What to do:
Starting at the line below that contains "Spinning Wheel and Spools 19th" and ending at the line that contains "Phylloceras ammonite fossil", retype each line exactly as it stands, but omit the pictures.

Records:
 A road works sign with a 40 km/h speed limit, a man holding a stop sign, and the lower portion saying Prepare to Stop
==
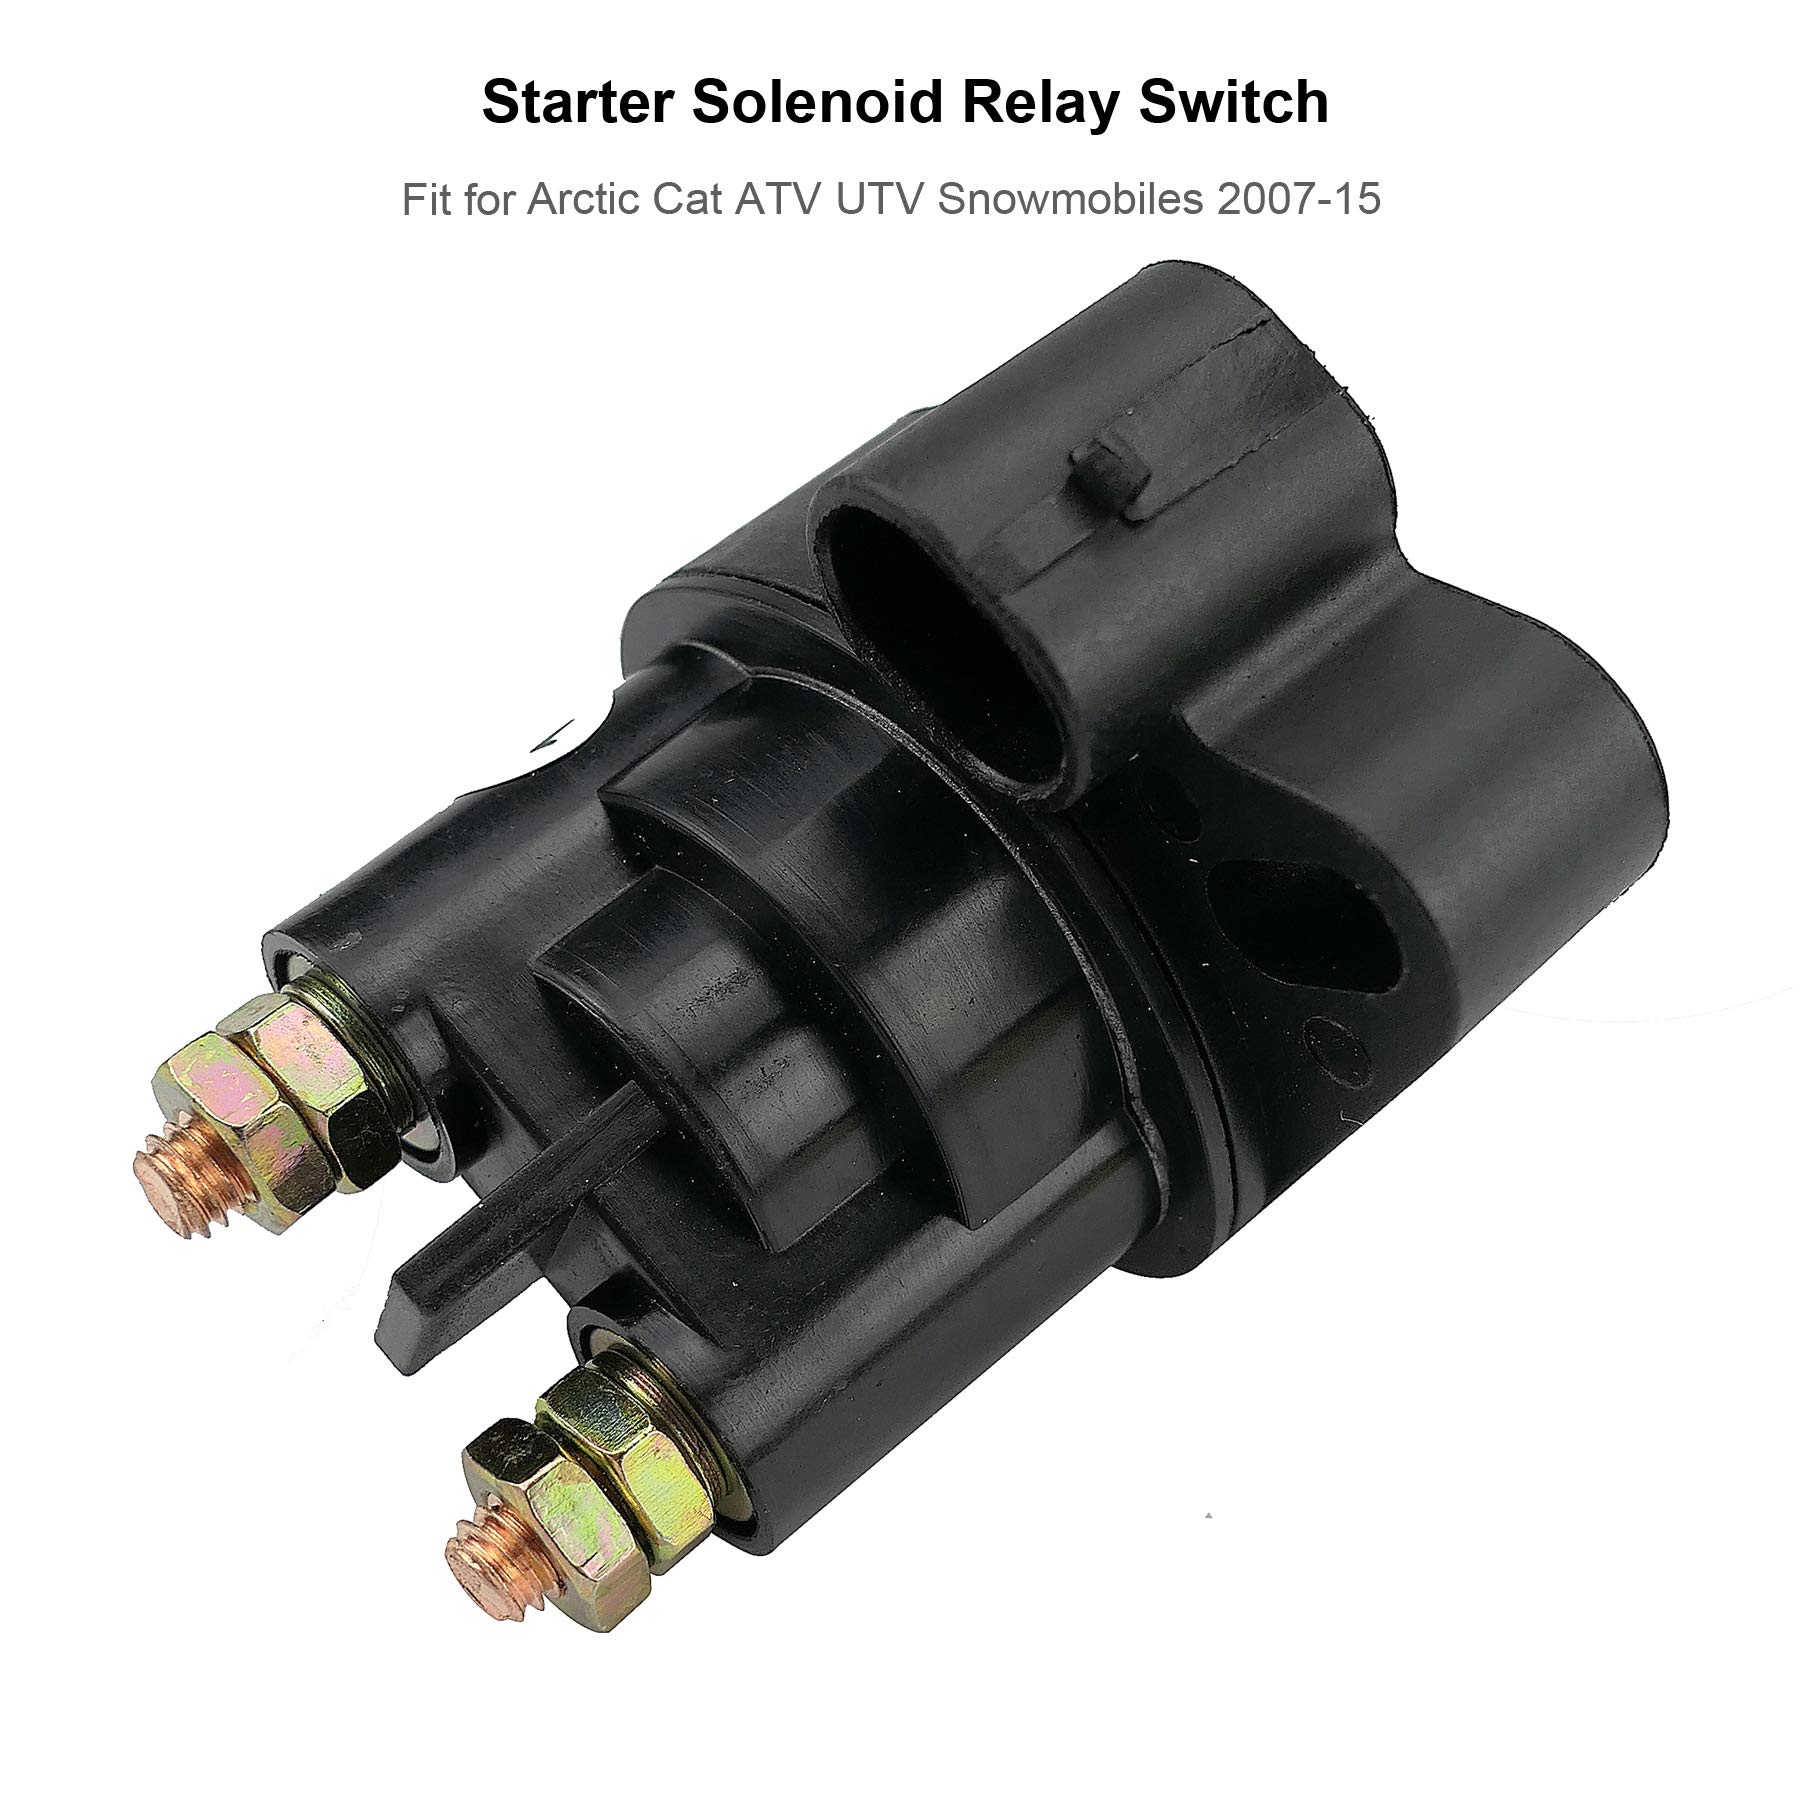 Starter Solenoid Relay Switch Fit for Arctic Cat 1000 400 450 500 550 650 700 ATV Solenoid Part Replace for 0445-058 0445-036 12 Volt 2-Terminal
...
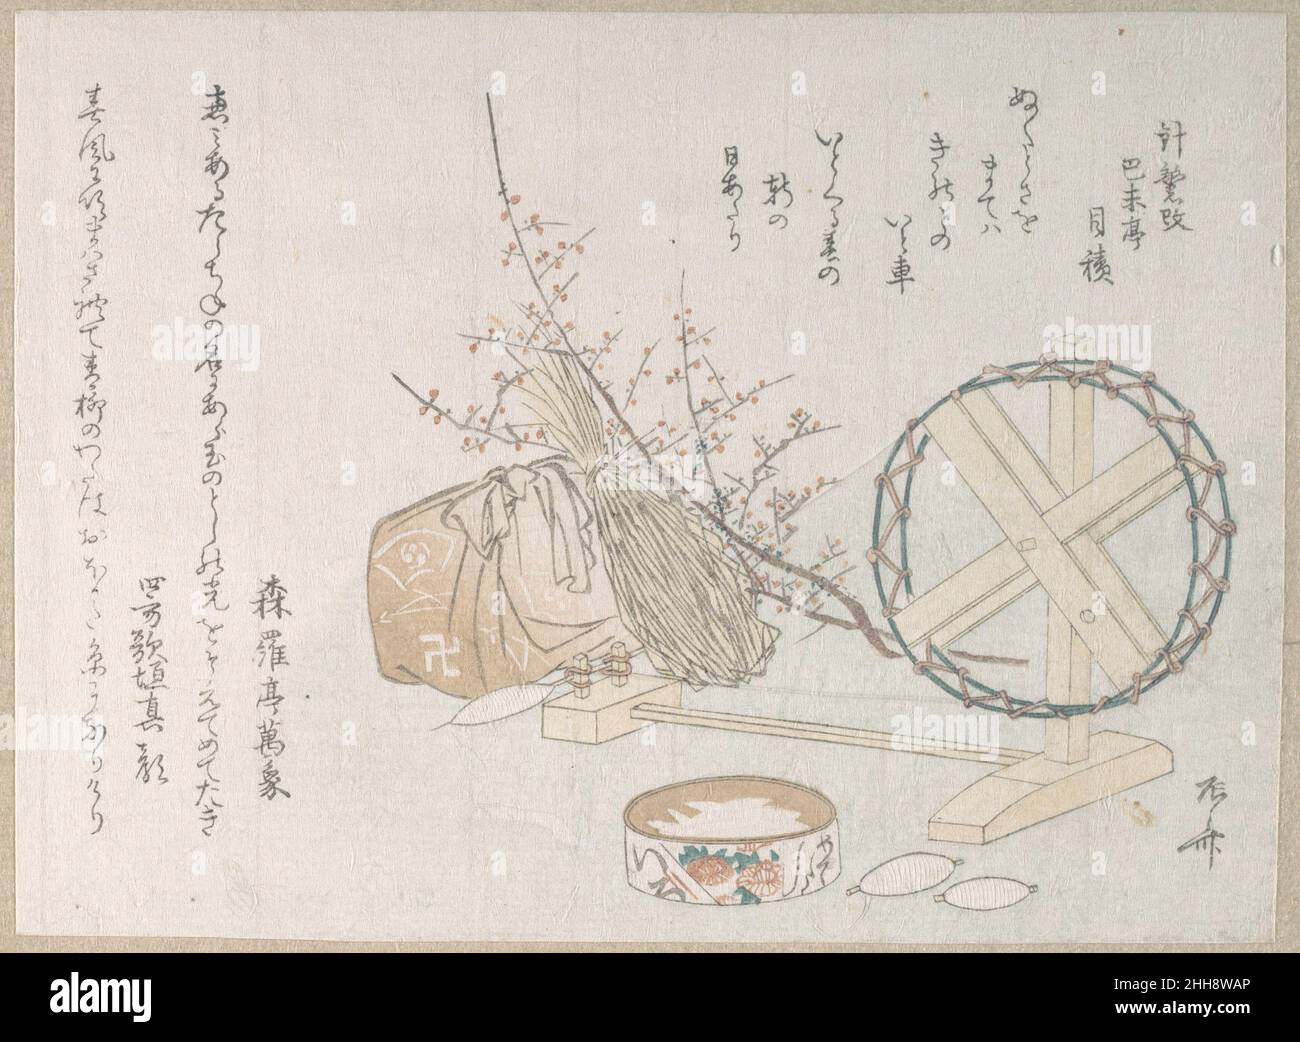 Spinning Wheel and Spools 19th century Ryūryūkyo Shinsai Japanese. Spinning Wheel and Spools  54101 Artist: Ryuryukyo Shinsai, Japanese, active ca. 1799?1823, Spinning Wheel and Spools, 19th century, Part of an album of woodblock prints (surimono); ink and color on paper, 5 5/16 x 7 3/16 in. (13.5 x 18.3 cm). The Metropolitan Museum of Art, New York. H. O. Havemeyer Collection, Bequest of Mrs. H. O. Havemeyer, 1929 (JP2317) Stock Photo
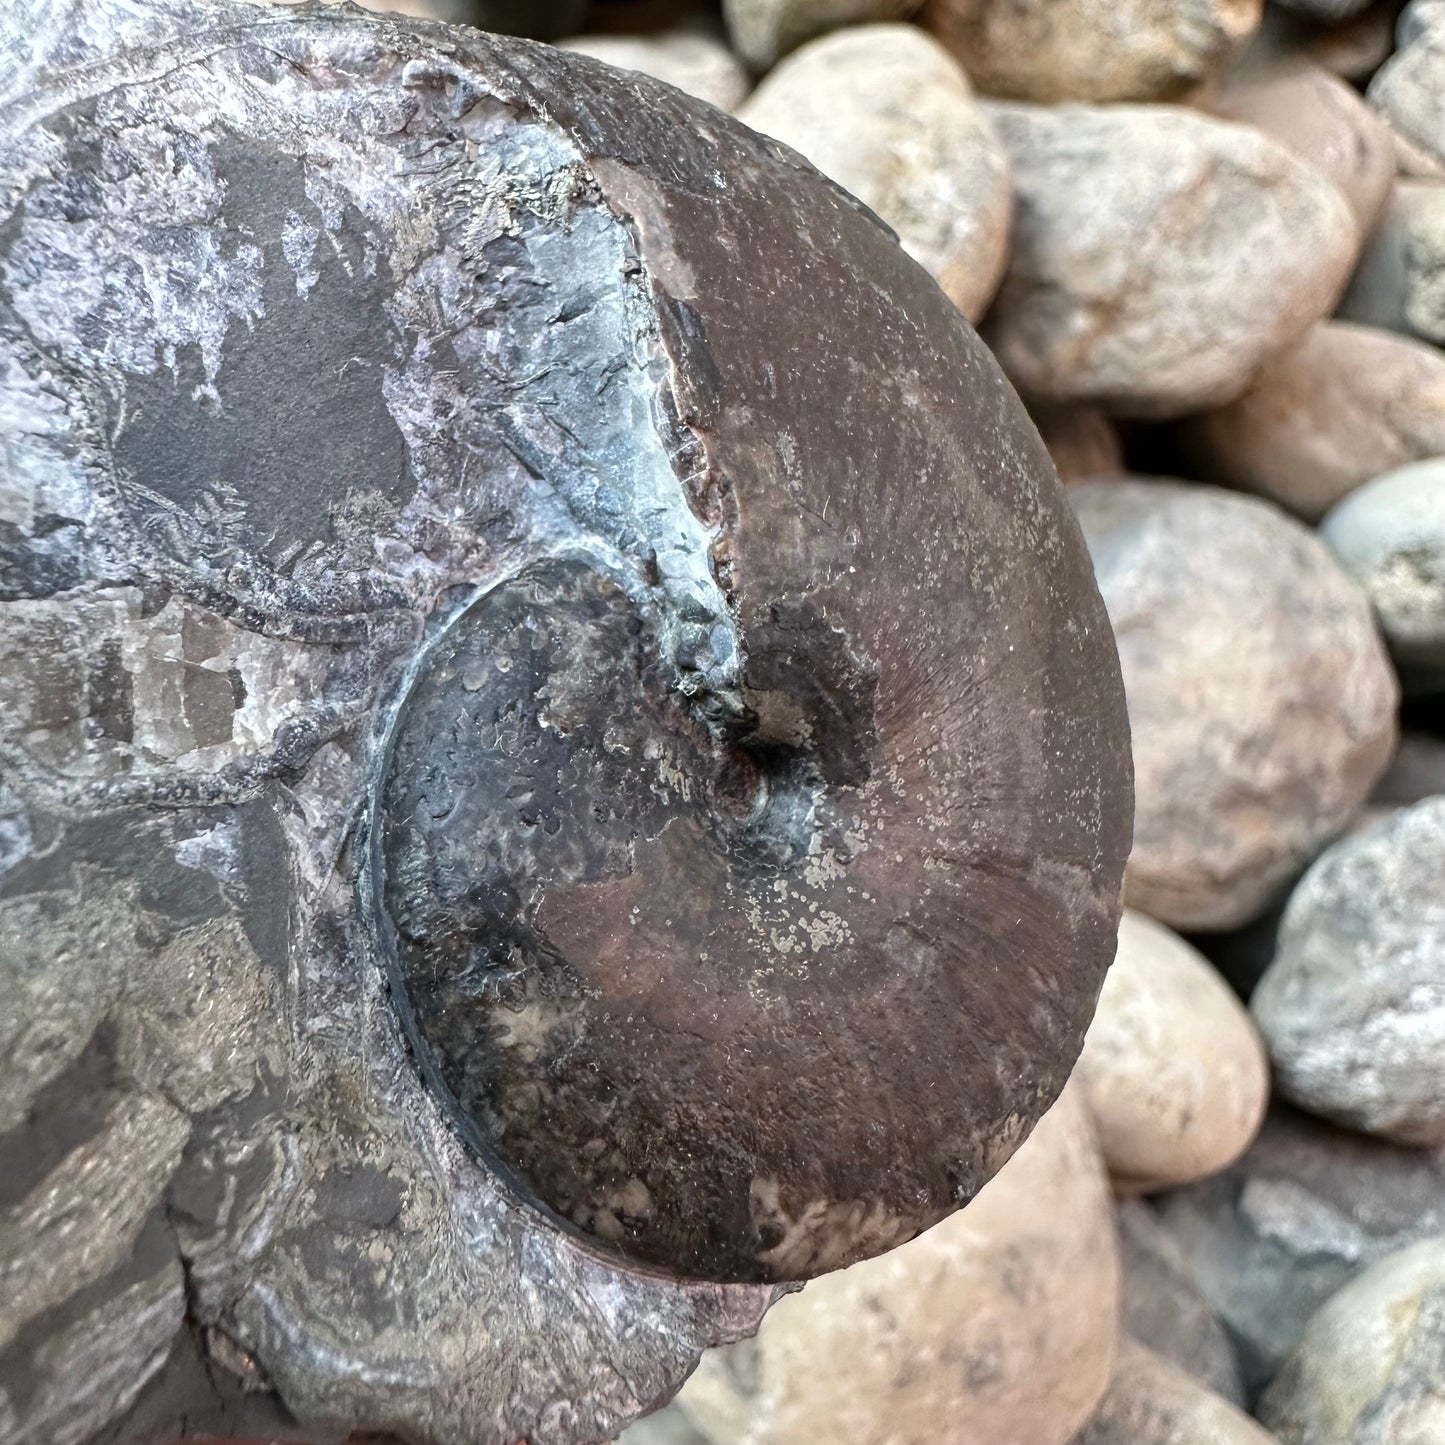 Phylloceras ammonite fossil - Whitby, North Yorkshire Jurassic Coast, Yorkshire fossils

Response box:
 Spinning Wheel and Spools 19th century Ryūryūkyo Shinsai Japanese. Spinning Wheel and Spools  54101 Artist: Ryuryukyo Shinsai, Japanese, active ca. 1799?1823, Spinning Wheel and Spools, 19th century, Part of an album of woodblock prints (surimono); ink and color on paper, 5 5/16 x 7 3/16 in. (13.5 x 18.3 cm). The Metropolitan Museum of Art, New York. H. O. Havemeyer Collection, Bequest of Mrs. H. O. Havemeyer, 1929 (JP2317) Stock Photo
 Phylloceras ammonite fossil - Whitby, North Yorkshire Jurassic Coast, Yorkshire fossils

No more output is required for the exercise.